Plastic pollution is making seabirds smaller and sicker, a study has found

Researchers analyzed blood samples from a population of flesh-footed shearwaters on Lord Howe Island, off the eastern coast of Australia, They found the birds were living with an alarming list of health conditions, including high cholesterol, after ingesting plastic debris.

Seabirds are becoming smaller, lighter and suffering from a litany of health problems after ingesting the plastic that litters the world’s oceans, a study has found.

Researchers analyzed blood samples from a population of flesh-footed shearwaters on Lord Howe Island, off the eastern coast of Australia, They found the birds were living with an alarming list of health conditions, including high cholesterol, after ingesting plastic debris.

The birds were physically smaller as a result of ingestion, the study showed, with shorter wings and bills and a lower body mass. Plastic also worsened their kidney function.

Seabird deaths due to consuming or becoming stuck in plastic are well-understood, the scientists from the University of Tasmania’s Institute for Marine and Antarctic Studies (IMAS) said. But far less is known about the non-lethal impact of ingesting plastic, and how live birds with plastic in their bodies are affected.

The researchers found that instead of the usual diet of fish, adult birds have been feeding their chicks with small pieces of plastic.

And they believe that plastic ingestion is a factor in the decline of flesh-footed shearwaters, which are classed as “near-threatened.”

“You have to wonder how long this species can keep this up,” said Alex Bond, Senior Curator of Birds at the Natural History Museum, which contributed to the study.

“Plastic that is already in the ocean floats around for decades, and we’ve now had 70 years of industrial-level plastic production, so a lot of it is already in the world’s oceans. Reducing the amount of plastic that gets into the ocean is the only way that it is going to be sorted,” Bond added in a statement.

Nearly every seabird on earth is eating plastic; around 90% are carrying the material in their stomachs, according a WWF report last year that supported previous studies.

And the trend is set only to continue as the world’s plastic waste crisis accelerates; around 9 million tonnes is estimated to be floating in the world’s waters, with the number projected to grow over the coming decades.

“Our study found that birds which ingested plastic had reduced blood calcium levels, body mass, wing length, and head and bill length,” Jennifer Lavers of IMAS, who led the research, said in a statement.

“The presence of plastic also had a negative impact on the birds’ kidney function, causing a higher concentration of uric acid, as well as on their cholesterol and enzymes,” she added.

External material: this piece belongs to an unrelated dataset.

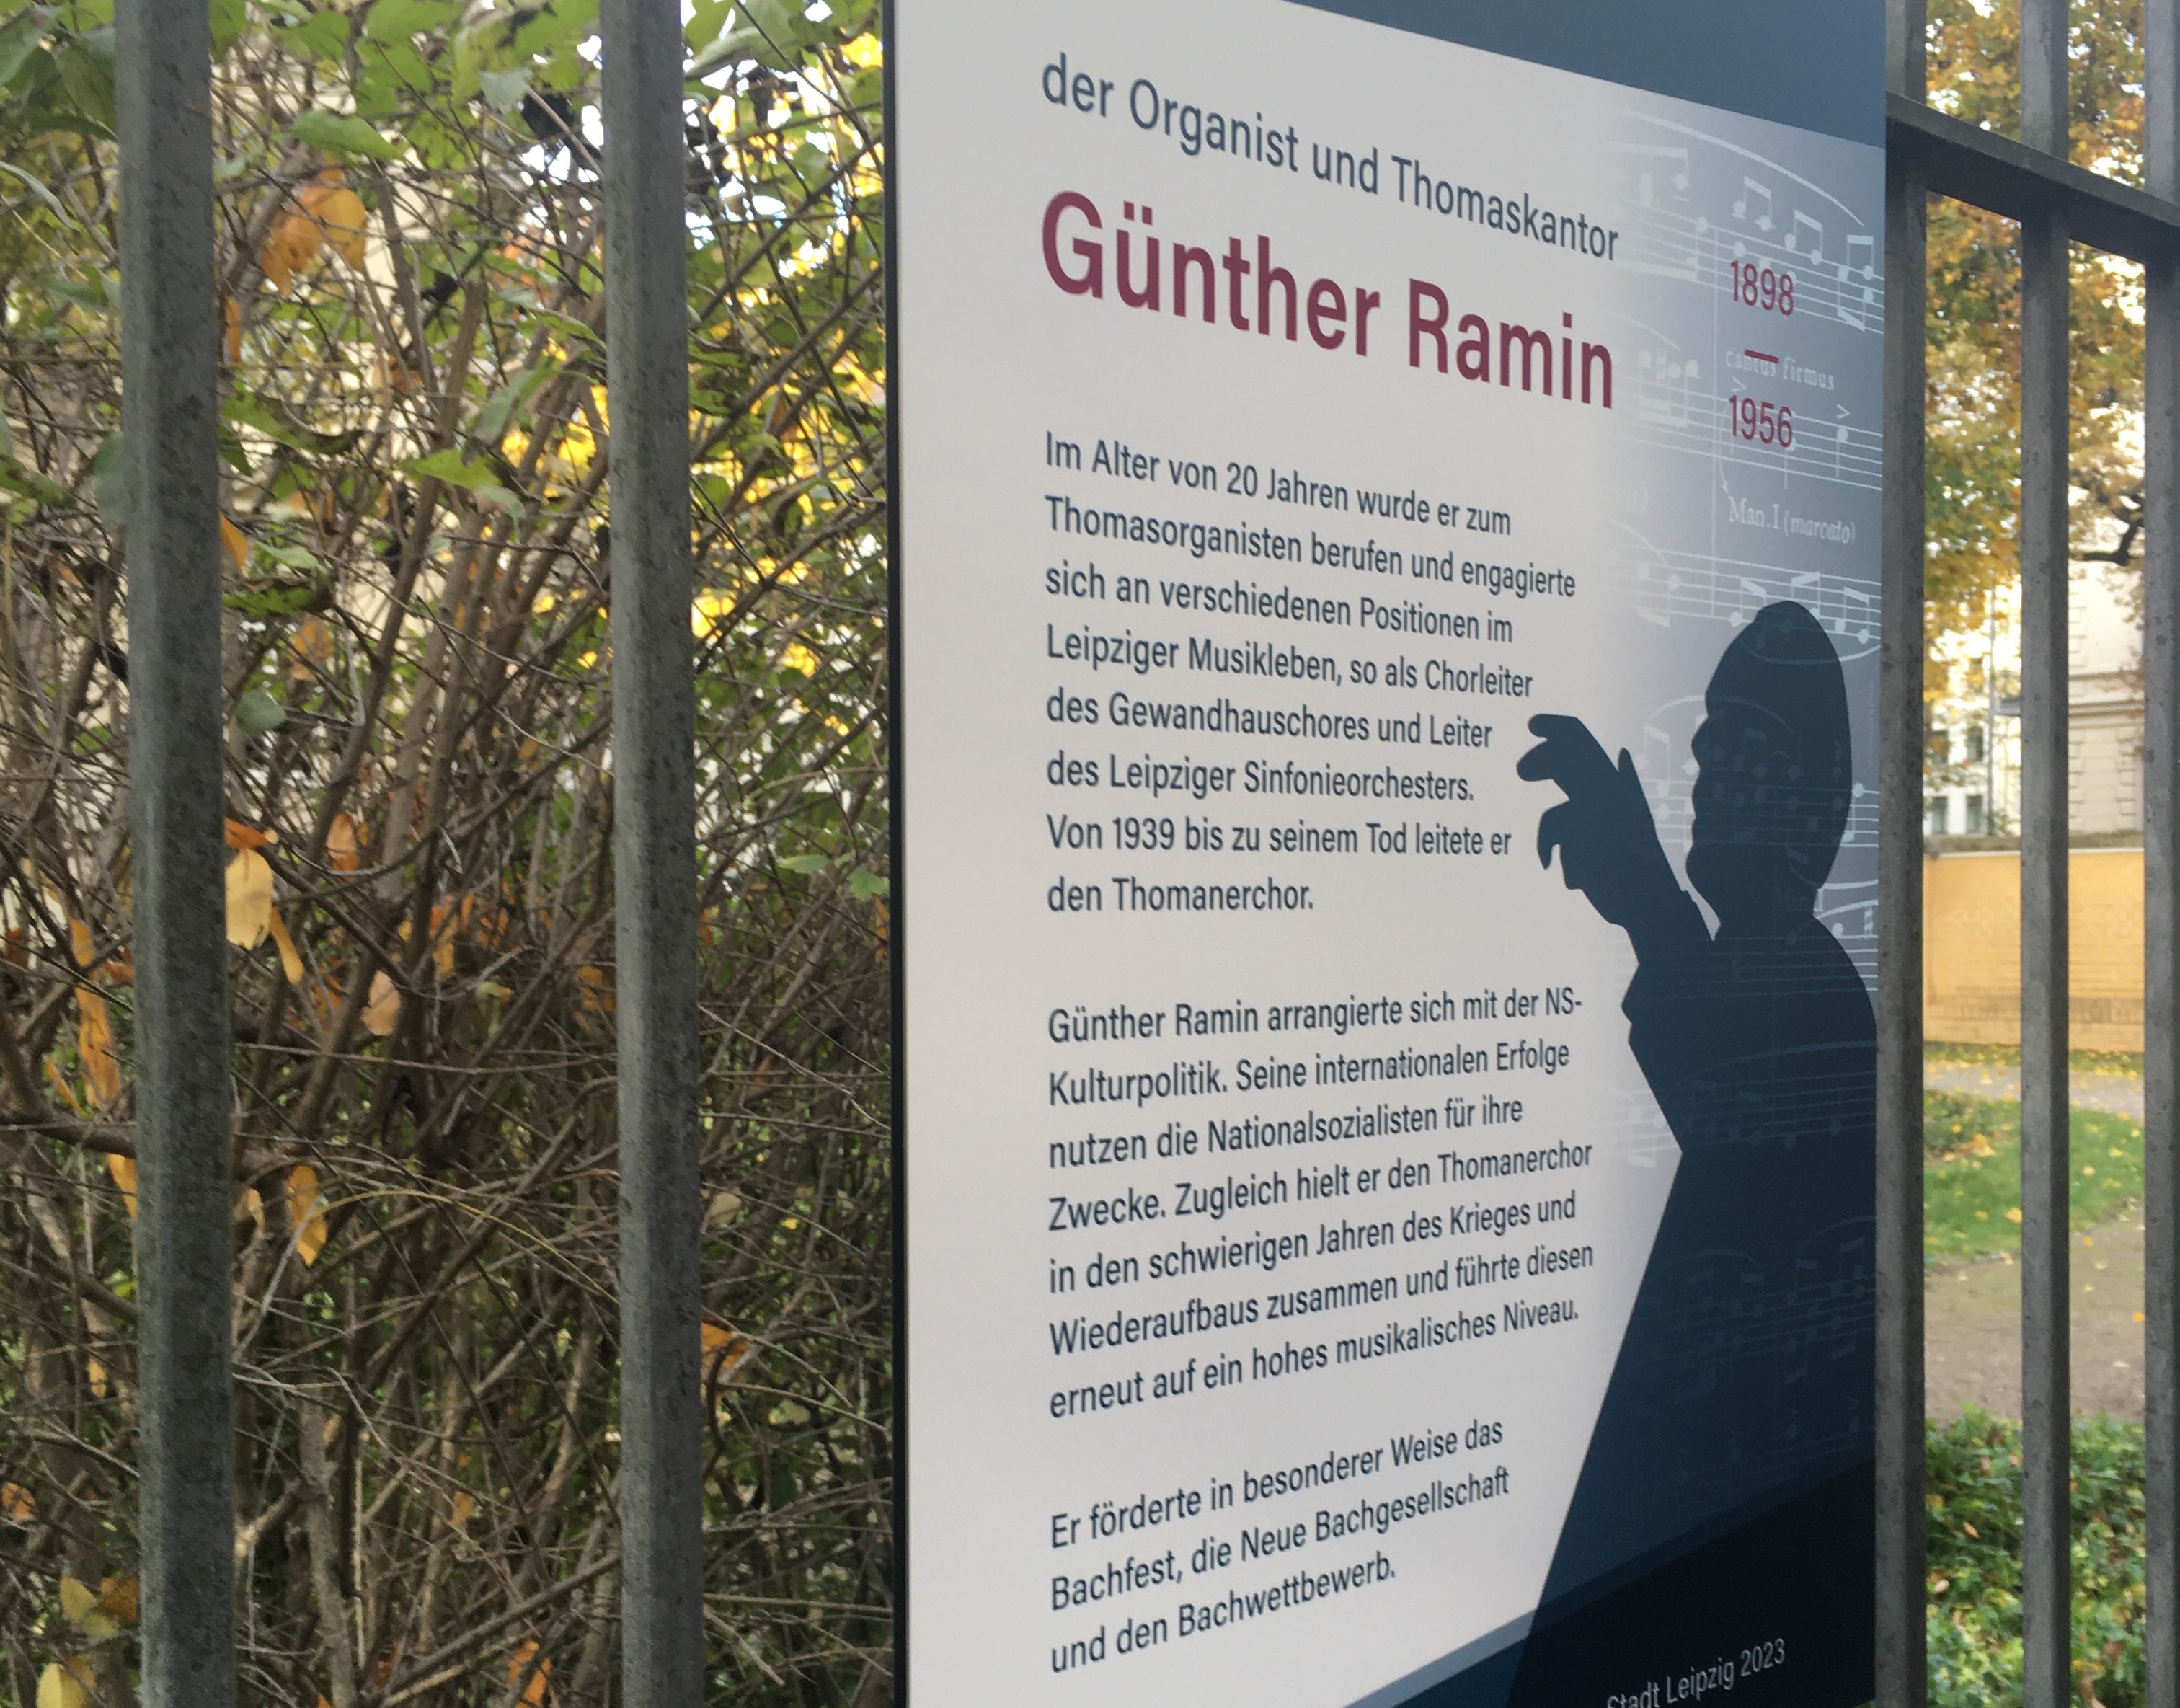   Städtische Amnesie | Wie eine Gedenktafel für den ehemaligen Thomaskantor Günther Ramin städtische Lücken des Erinnerns aufzeigt – ein Kommentar

The study, published in the journal Environmental Science & Technology, also found that any amount of ingested plastic was enough to cause problems.

“Our data did not show a significant relationship between the volume of plastic ingested and the health of individuals, suggesting that any plastic ingestion is sufficient to have an impact,” she said. “Understanding how individual seabirds are affected is also further complicated by the fact they spend little time on land or at breeding colonies, and most mortalities occur at sea where the causes of death are often unknown.”

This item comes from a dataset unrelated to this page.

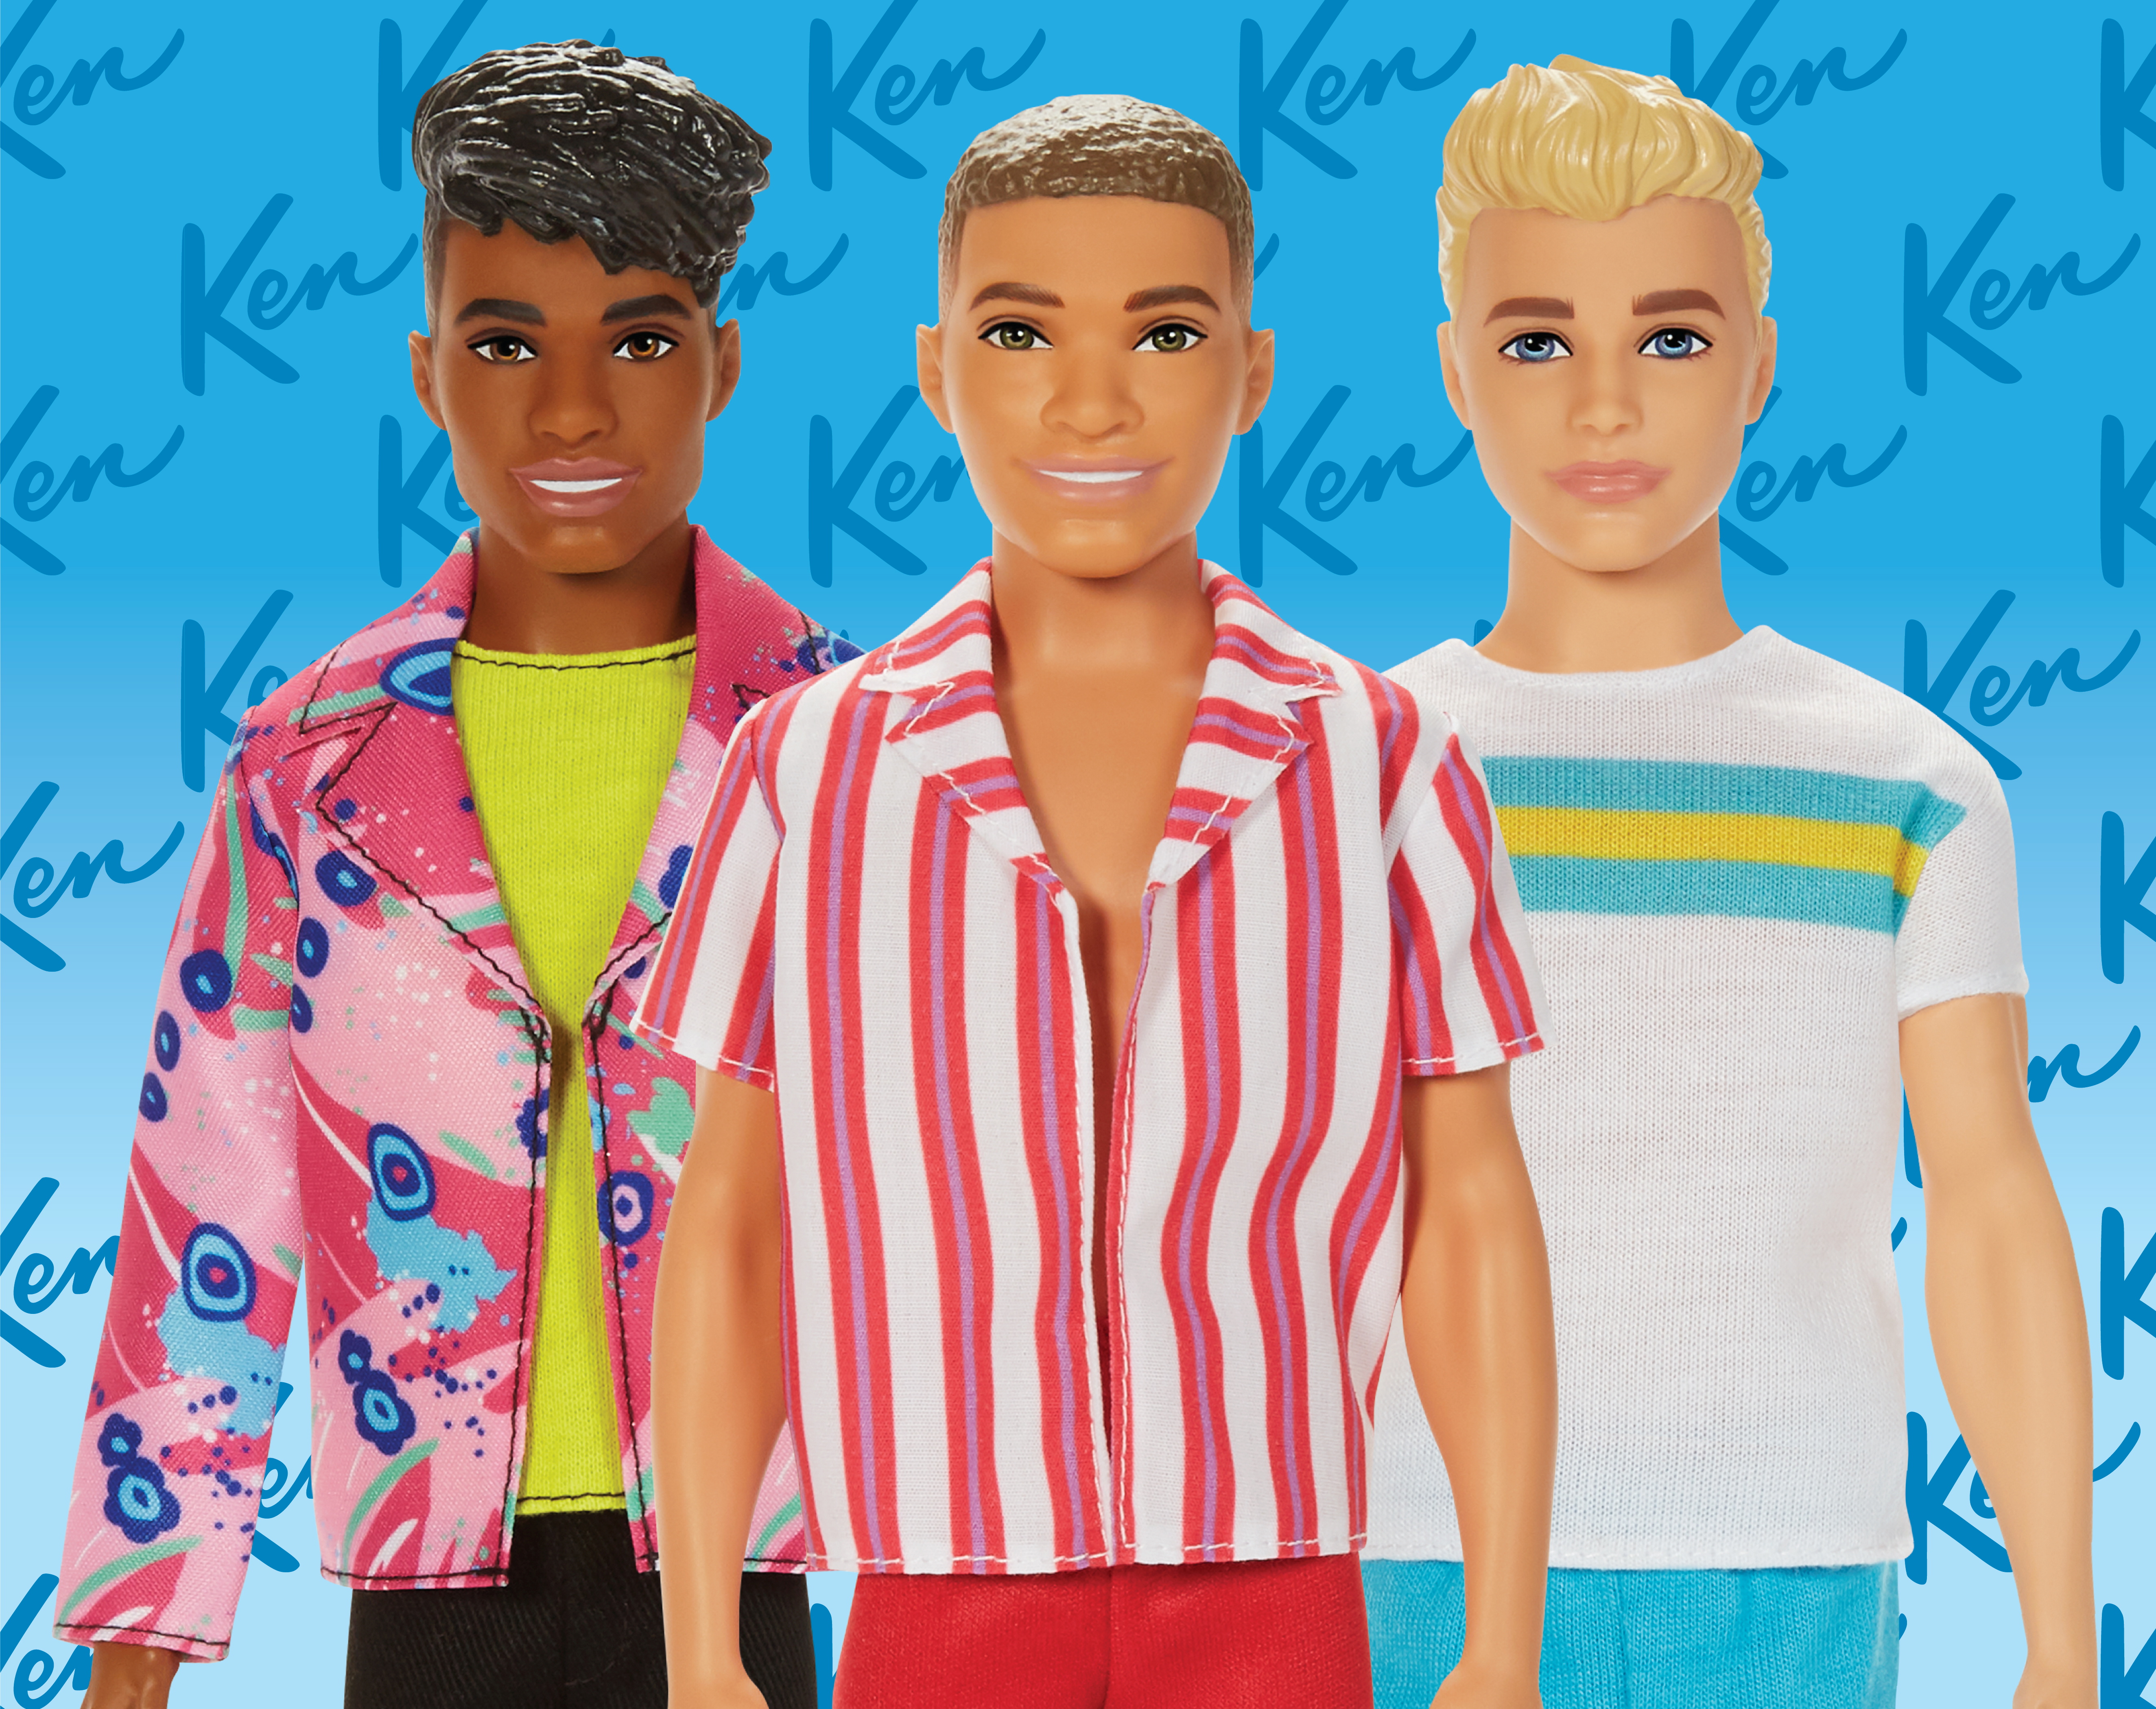 de ober Kantine Laatste Happy birthday Ken! Barbie's beau turns 60 | Reuters

Among the most surprising findings was that ingesting plastic was linked to cholesterol problems.

“The rise of cholesterol levels was an unexpected finding and what this means for the birds and their health is still not fully understood,” the Natural History Museum said. “In humans, high cholesterol can cause circulatory problems and research is yet to be carried out to understand how such changes affect birds.”

As scientists worldwide search for ways to stem the plastic crisis, an Irish teenager has won an award for his own suggestion.

Fionn Ferreira won the Grand Prize for the 16-18 year old category at the Google Science Fair for exploring a new method that removes microplastics from water using a magnetic fluid called ferrofluid.